下一个出场的是subst,这个不是插入,而是替换,将old替换成new。还是简单地修改inserR的这一行 ((eq? old (car lat)) (cons old (cons new (cdr lat)))),找到old的时候只保留对new的cons操作即可。
subst的一个扩展版是subst2,调用形式为(subst2 new o1 o2 lat)。也就是被替换的既可以是o1也可以是o2,这个需要在深层的cond语句之中分别对o1和o2增加判断:
(cond
((eq? (car (lat) o1) (cons new (cdr lat))
((eq? (car (lat) o2) (cons new (cdr lat))
...)
接下来要引出的是multirember,之前介绍的rember的扩展版。在介绍multirember之前,让我们来复习以下rember的定义:
The function rember looks at each atom of a lat to see if it is the same as the atom a. If it’s not, rember saves the atom and proceeds. When it finds the first occurrence of a, it stops and gives the value (cdr lat), or the rest of the lat, so that the value returned is the original lat, with only that occurrence of a removed.
rember移除的是第一个出现的目标,而multirember则需要移除所有目标,其定义如下:
(define multirember
(lambda (a lat)
(cond
((null? lat) '())
(else (cond
((eq? a (car lat)) (multirember a (cdr lat)))
(else (cons (car lat) (multirember a (cdr lat)))))))))
同样地,可以把insertR和insertL扩展到多匹配版本:
(define multiinsertR
(lambda (new old lat)
(cond
((null? lat) '())
(else (cond
((eq? old (car lat)) (cons old (cons new (multiinsertR new old (cdr lat)))))

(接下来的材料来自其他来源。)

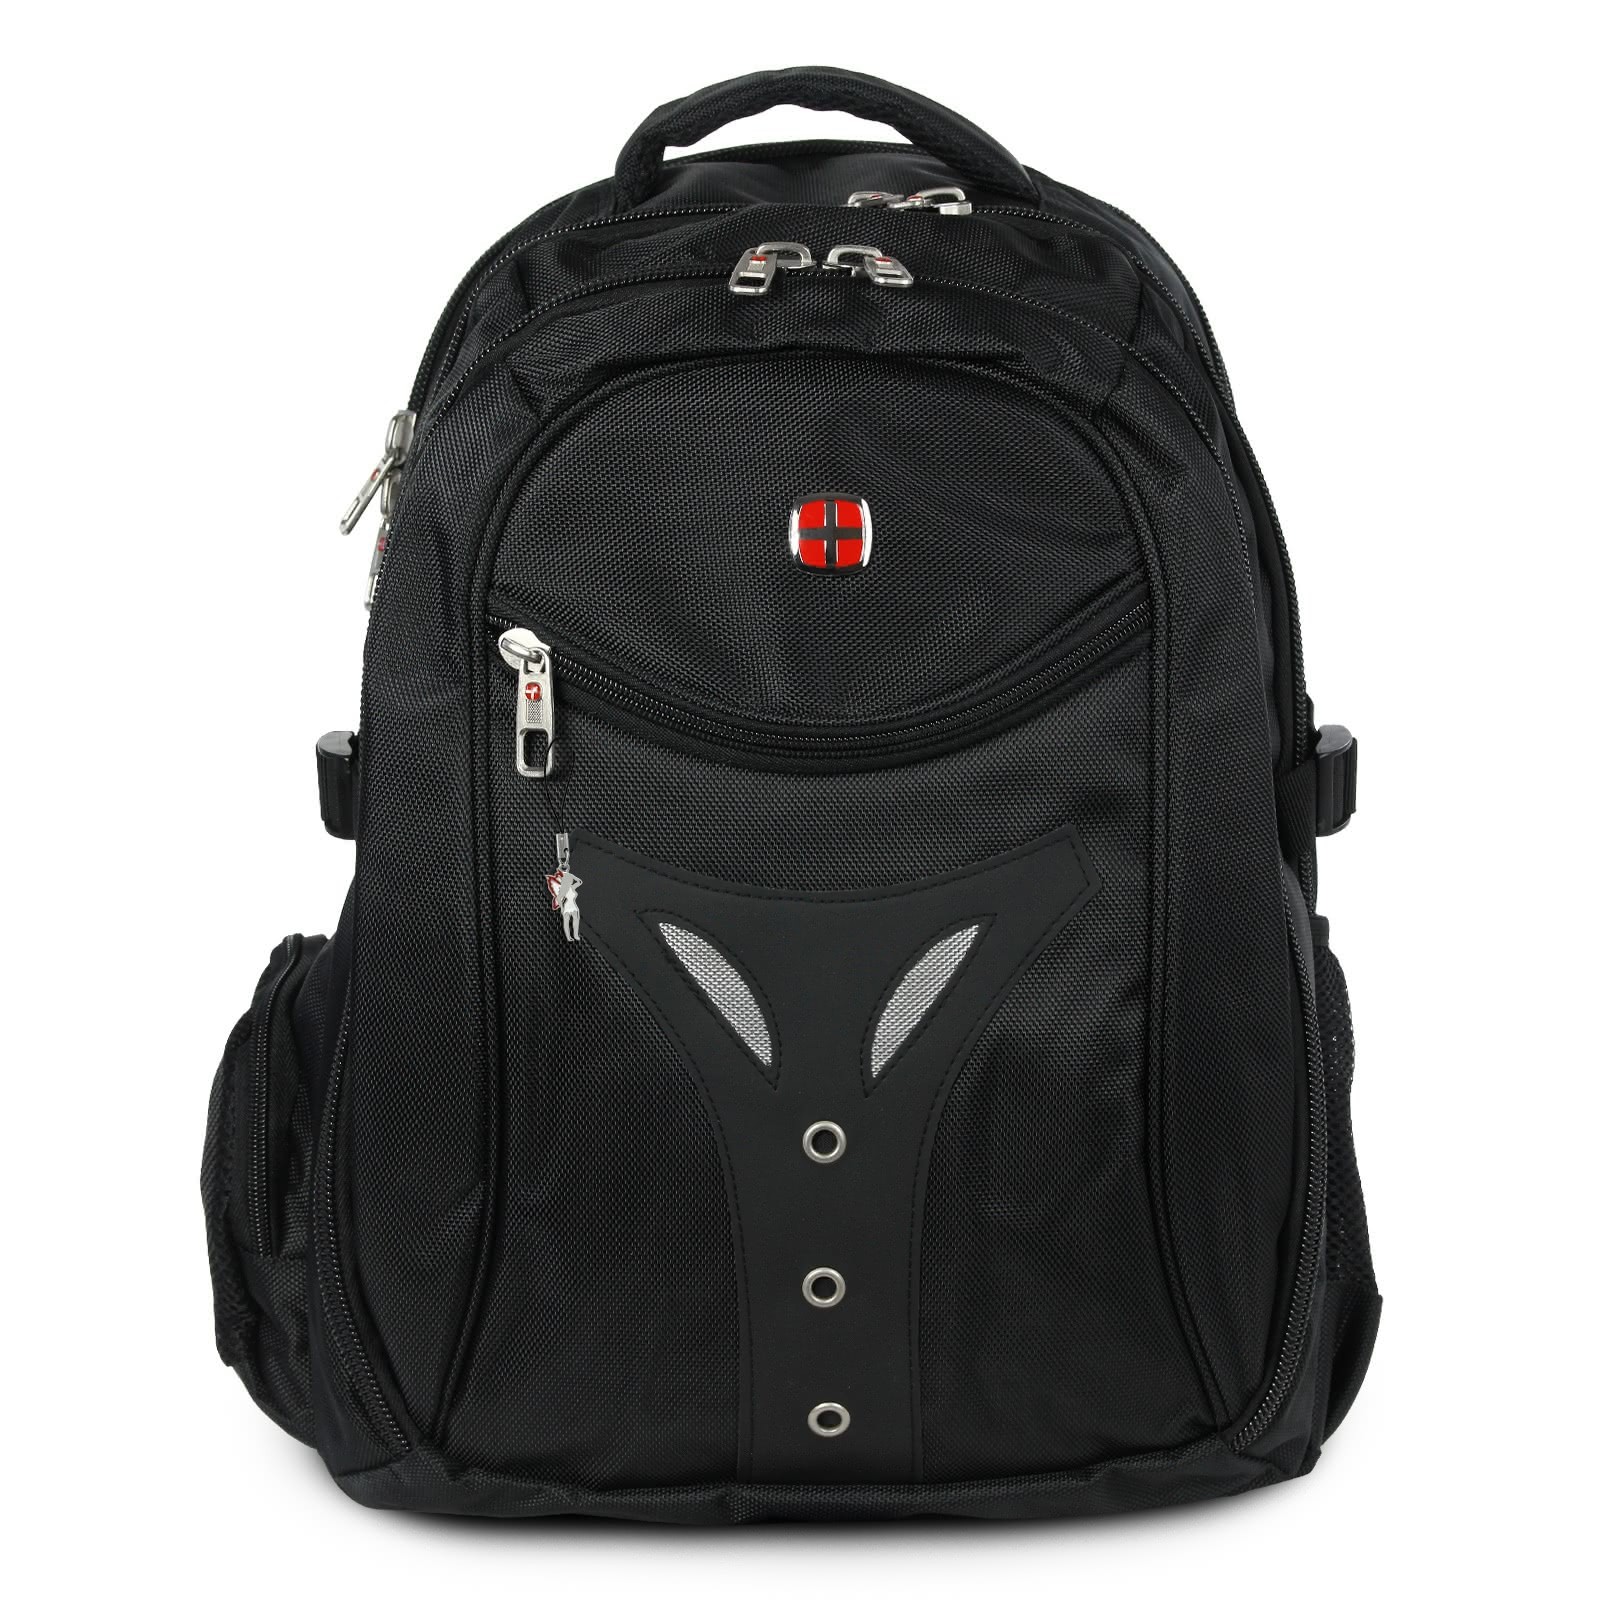 Rucksack, Notebooktasche Polyester schwarz Laptoprucksack New Bags OTD601S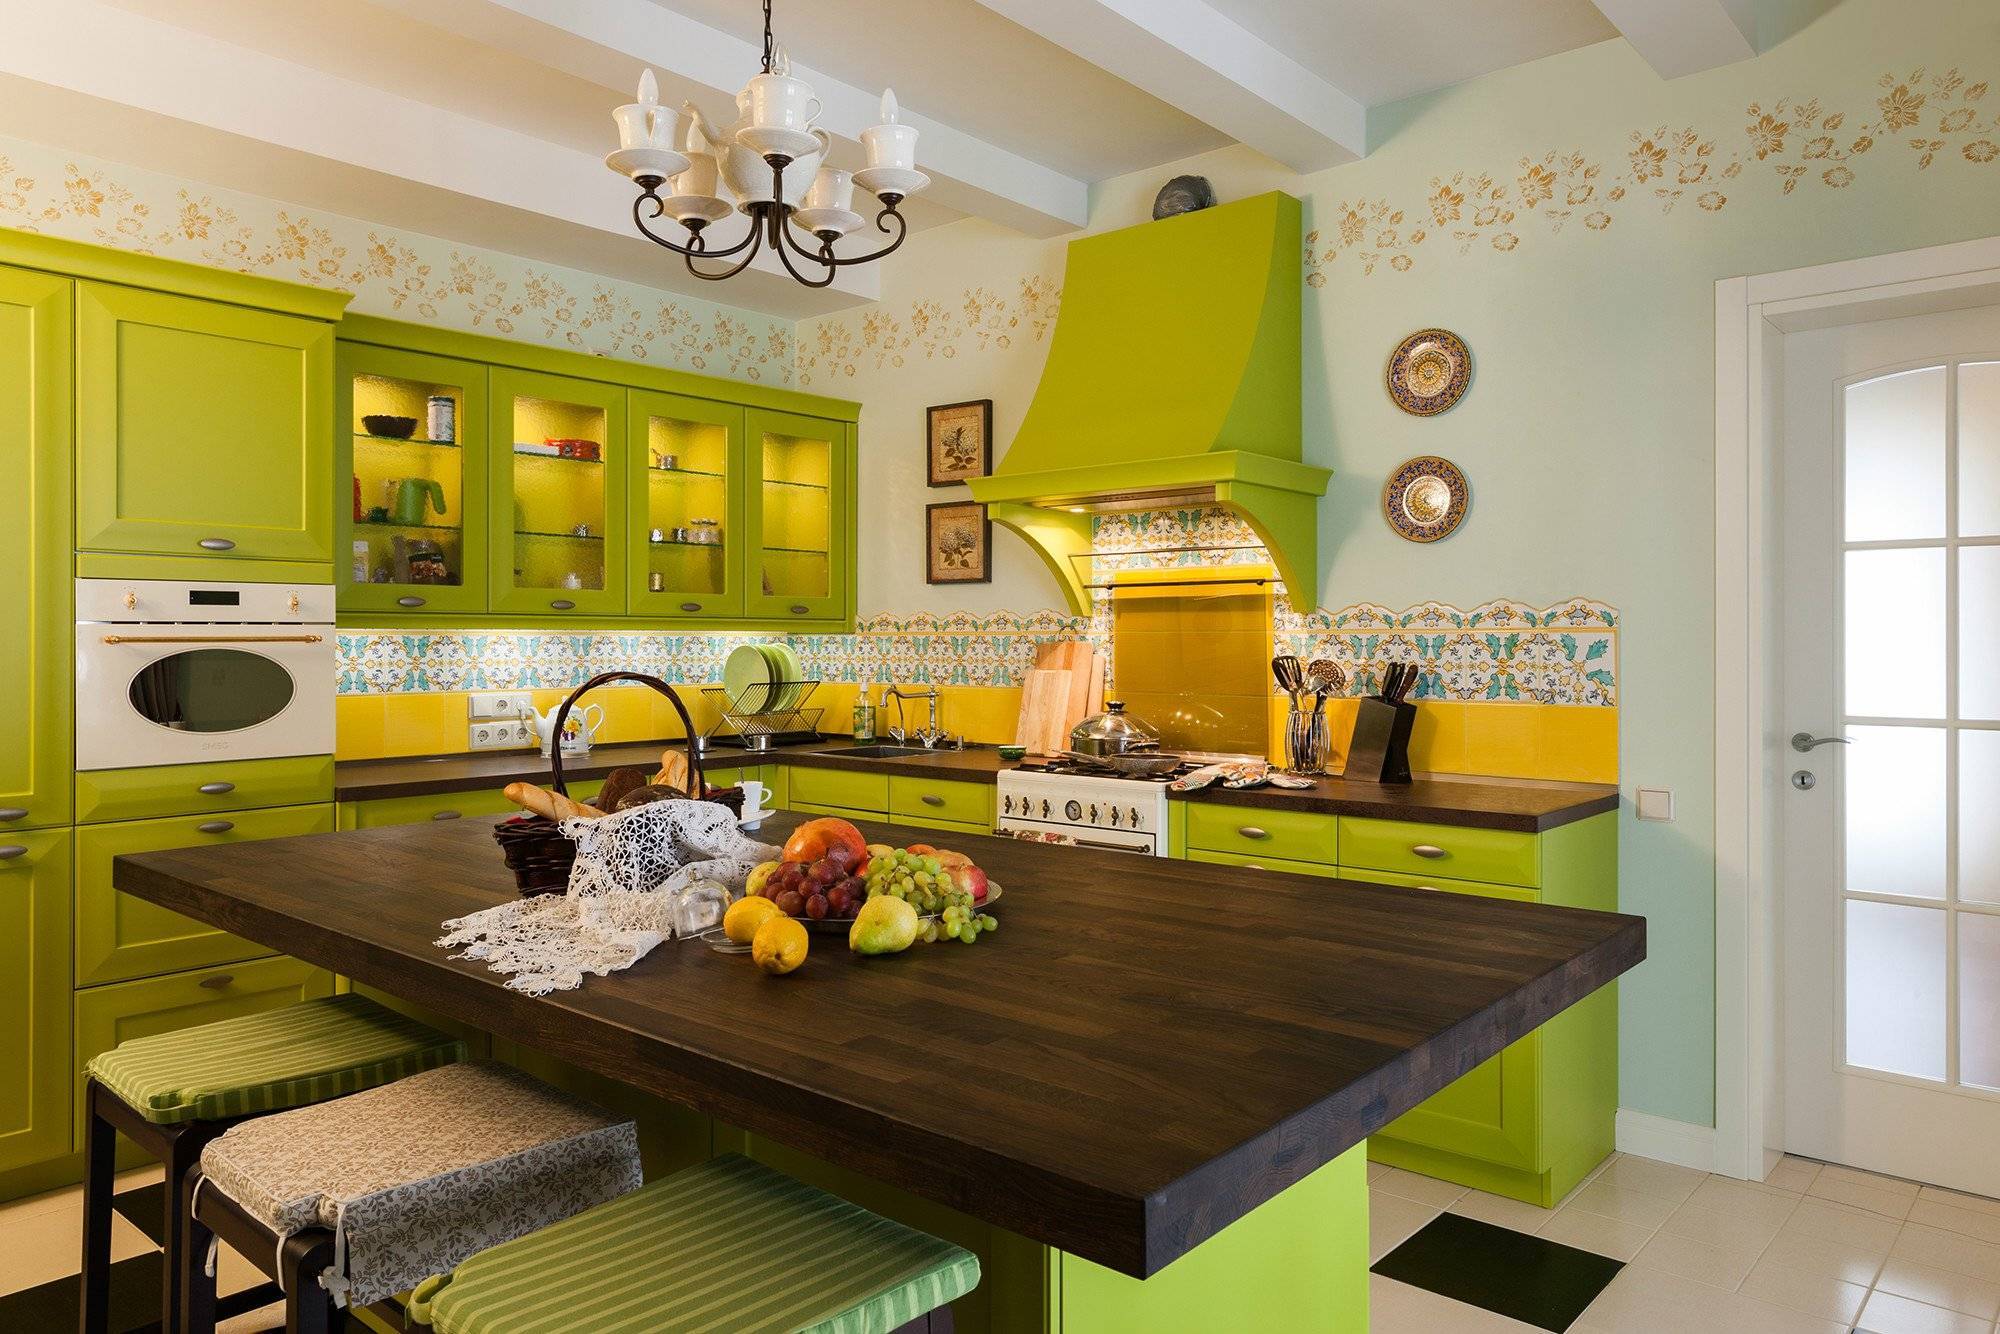 В какой цвет покрасить стены на кухне: выбор цветовой гаммы по разным критериям | в мире краски

(else (cons (car lat) (multiinsertR new old (cdr lat)))))))))
第四条戒律:
Always change at least one argument while recurring. It must be changed to be closer to termination. The changing argument must be tested in the termination condition: when using cdr, test termination with null?
最后把subst扩展成multisubst:
(define multisubst
(lambda (new old lat)
(cond
((null? lat) '())
(else (cond
((eq old (car lat)) (cons new (multisubst new old (cdr lat))))
(else (cons (car lat) (multisubst new old (cdr lat)))))))))
第三章结束。
(本篇完)